Chapters

On this page

Chapter 7: Design a Unique ID Generator in Distributed Systems

Introduction

This chapter addresses the challenge of designing a unique ID generator for distributed systems. Traditional auto-increment keys are unsuitable in distributed environments due to scalability and synchronization challenges. The focus is on creating unique, sortable, 64-bit numerical IDs that meet the following requirements:

IDs must be unique and ordered by date.
IDs must fit within 64 bits.
The system should generate over 10,000 IDs per second.

Step 1: Understanding the Problem

Basic Requirements

IDs must be unique and numerical and should fit in 64 bi.
IDs increment with time but not strictly by +1.
IDs should be sortable by date.
System must handle high throughput (10,000 IDs/sec).

Step 2: High-Level Design Options

1. Multi-Master Replication

Approach: Use database auto_increment with step increments (e.g., +k for k servers).
Drawbacks:
- Hard to scale across data centers.
- IDs do not always increase with time.
- Scaling issues when servers are added/removed.

2. UUID (Universally Unique Identifier)

Approach:
- Generate 128-bit unique identifiers independently on each server using UUID.
- UUIDs can be generated independently without coordination between servers
Advantages:
- No coordination needed between servers.
- Scales easily with web servers.
Drawbacks:
- Exceeds 64-bit requirement.
- IDs are not sortable by time and may be non-numeric.

3. Ticket Server

Approach: Use a centralized database server to increment and assign IDs.
Advantages:
- Simple to implement for small-scale systems.
- Generates numeric IDs.
Drawbacks:
- Single point of failure.
- Synchronization challenges in multi-server setups.

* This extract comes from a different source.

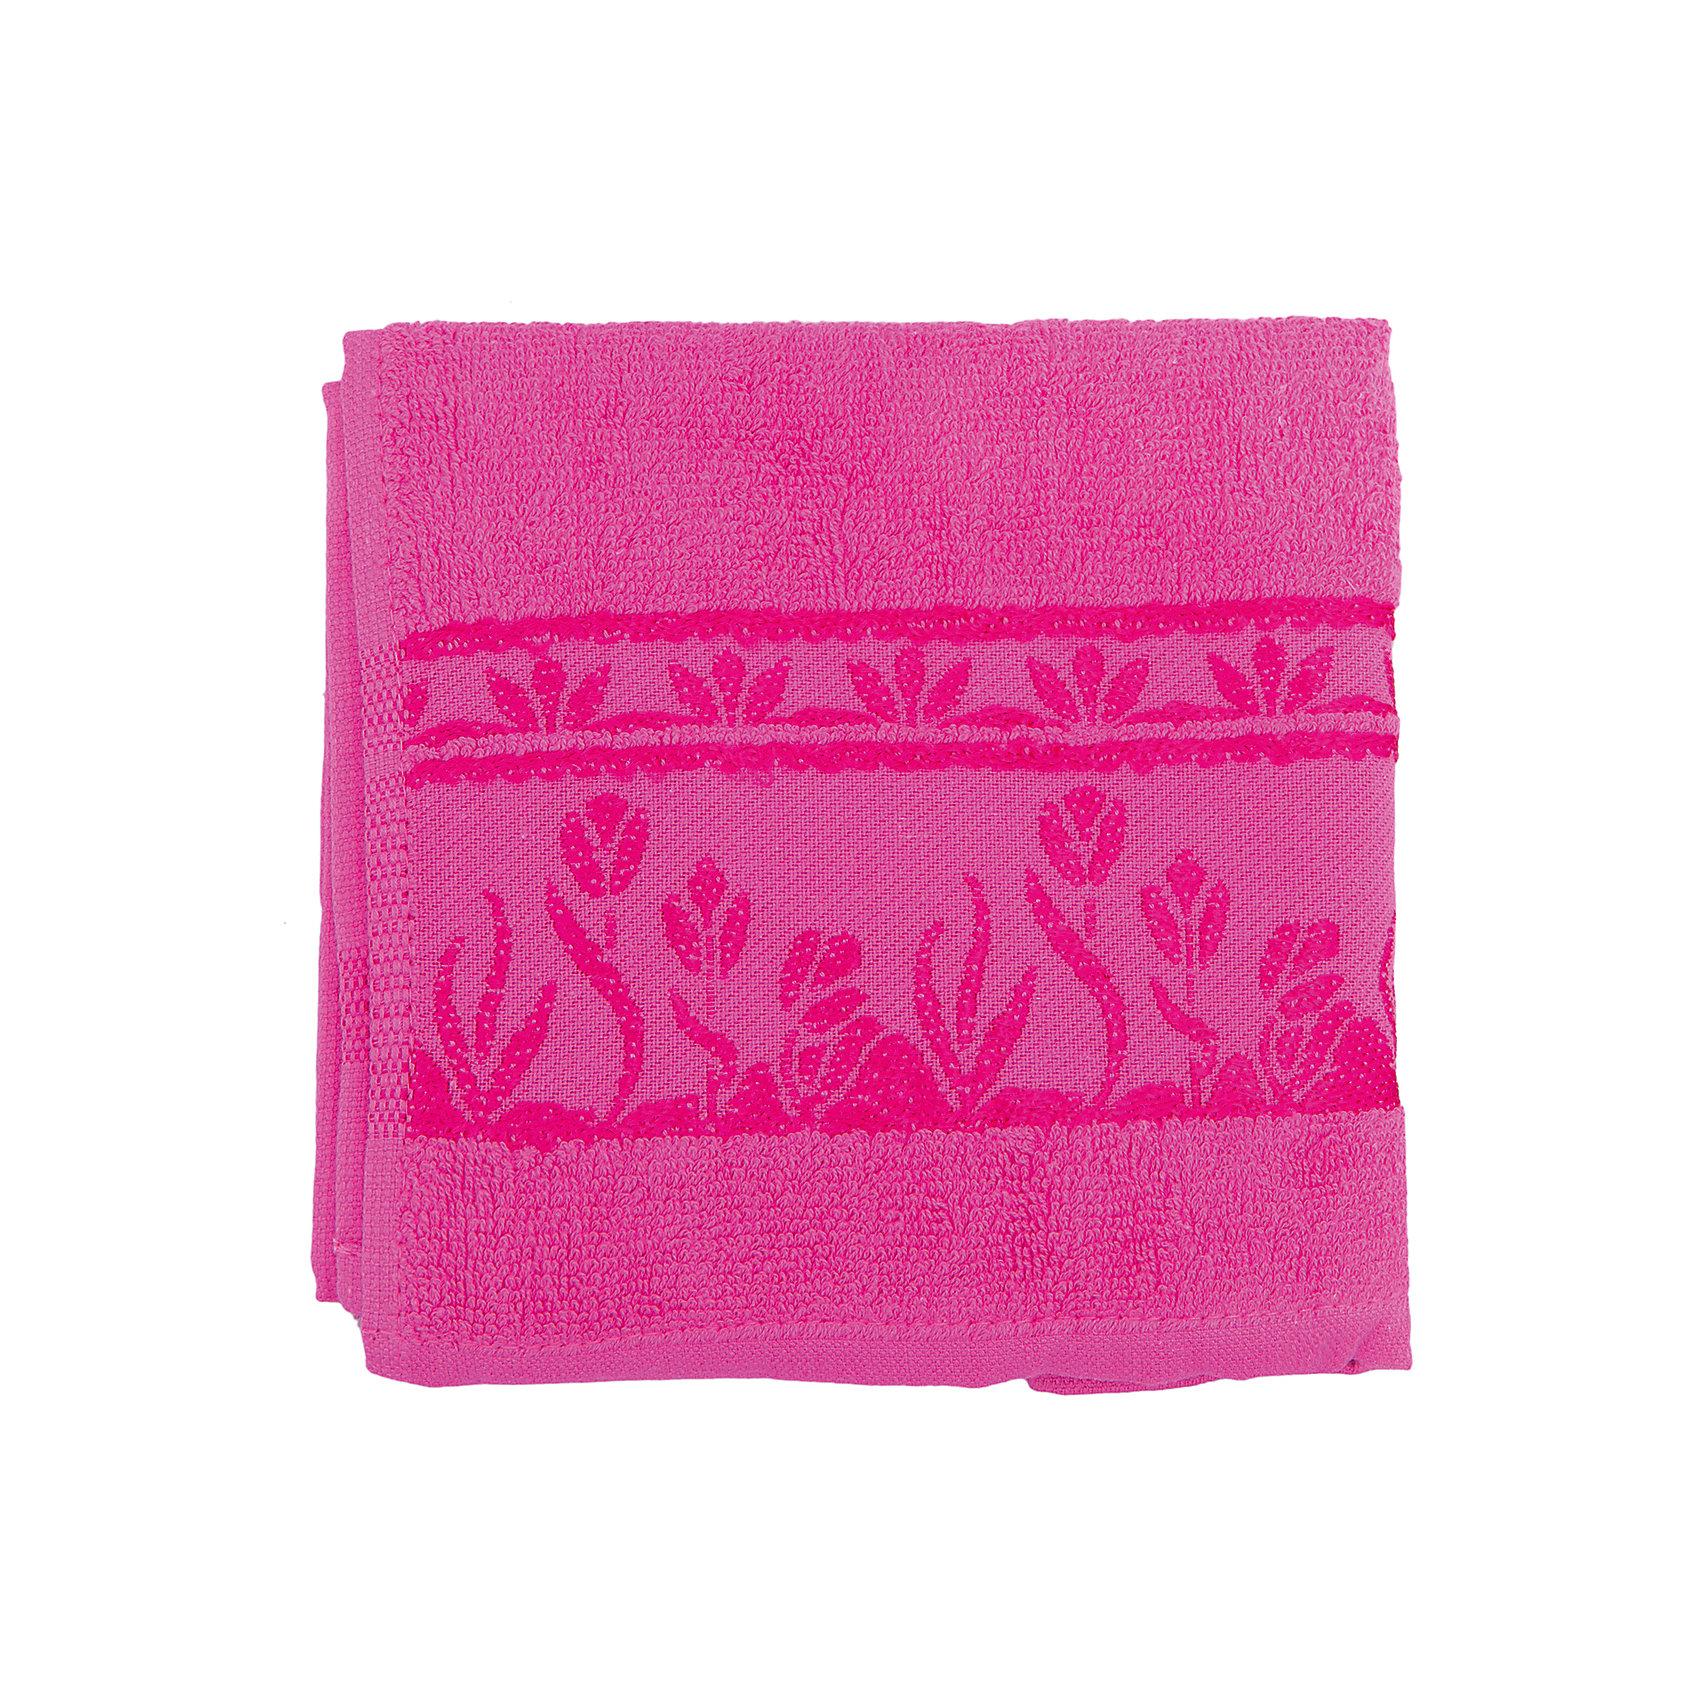 Полотенце махровое Tulips 40*75, Португалия, ярко-розовыйTulips - махровое полотенце из натурального качественного хлопка. Она хорошо впитает влагу и подарит вам ощущение мягкости после водных процедур. Полотенце износостойкое и хорошо сохраняет цвет. Украшено жаккардовым узором. <br><br>Дополнительная информация:<br>Материал: 100% хлопок<br>Плотность: 500 г/м2<br>Размер: 40х75 см<br>Цвет: ярко-розовый<br>Торговая марка: Португалия<br><br>Вы можете приобрести махровое полотенце Tulips  в нашем интернет-магазине.<br><br>Ширина мм: 500<br>Глубина мм: 500<br>Высота мм: 200<br>Вес г: 200<br>Возраст от месяцев: 0<br>Возраст до месяцев: 144<br>Пол: Унисекс<br>Возраст: Детский<br>SKU: 5010937

4. Twitter Snowflake Approach

Approach:

- Divide IDs into sections to ensure uniqueness and scalability. - **Sign Bit (1 bit):** Always `0`, potentially distinguishing signed and unsigned numbers. - **Timestamp (41 bits):** Milliseconds since a custom epoch (Twitter's default is `1288834974657`, equivalent to Nov 04, 2010, 01:42:54 UTC). Ensures IDs are time-ordered. - **Datacenter ID (5 bits):** Identifies up to `2^5 = 32` datacenters. - **Machine ID (5 bits):** Identifies up to `2^5 = 32` machines within each datacenter. - **Sequence Number (12 bits):** Tracks IDs generated on a machine within the same millisecond, supporting up to `2^12 = 4096` IDs per millisecond. The sequence resets to `0` every millisecond.
Advantages:
- Scalability: Handles 10,000+ IDs per second across multiple servers.
- Time-Order: Ensures IDs are sortable by time.
- Decentralization: No single point of failure.

Step 4: Additional Considerations

1. Clock Synchronization

Challenge: ID generation assumes synchronized clocks across servers.
Solution: Use Network Time Protocol (NTP) to minimize drift.

2. Section Length Tuning

Adjust section sizes (e.g., fewer sequence bits, more timestamp bits) based on use case.

3. High Availability

ID generators are mission-critical and must be fault-tolerant.
Consider redundancy and failover mechanisms.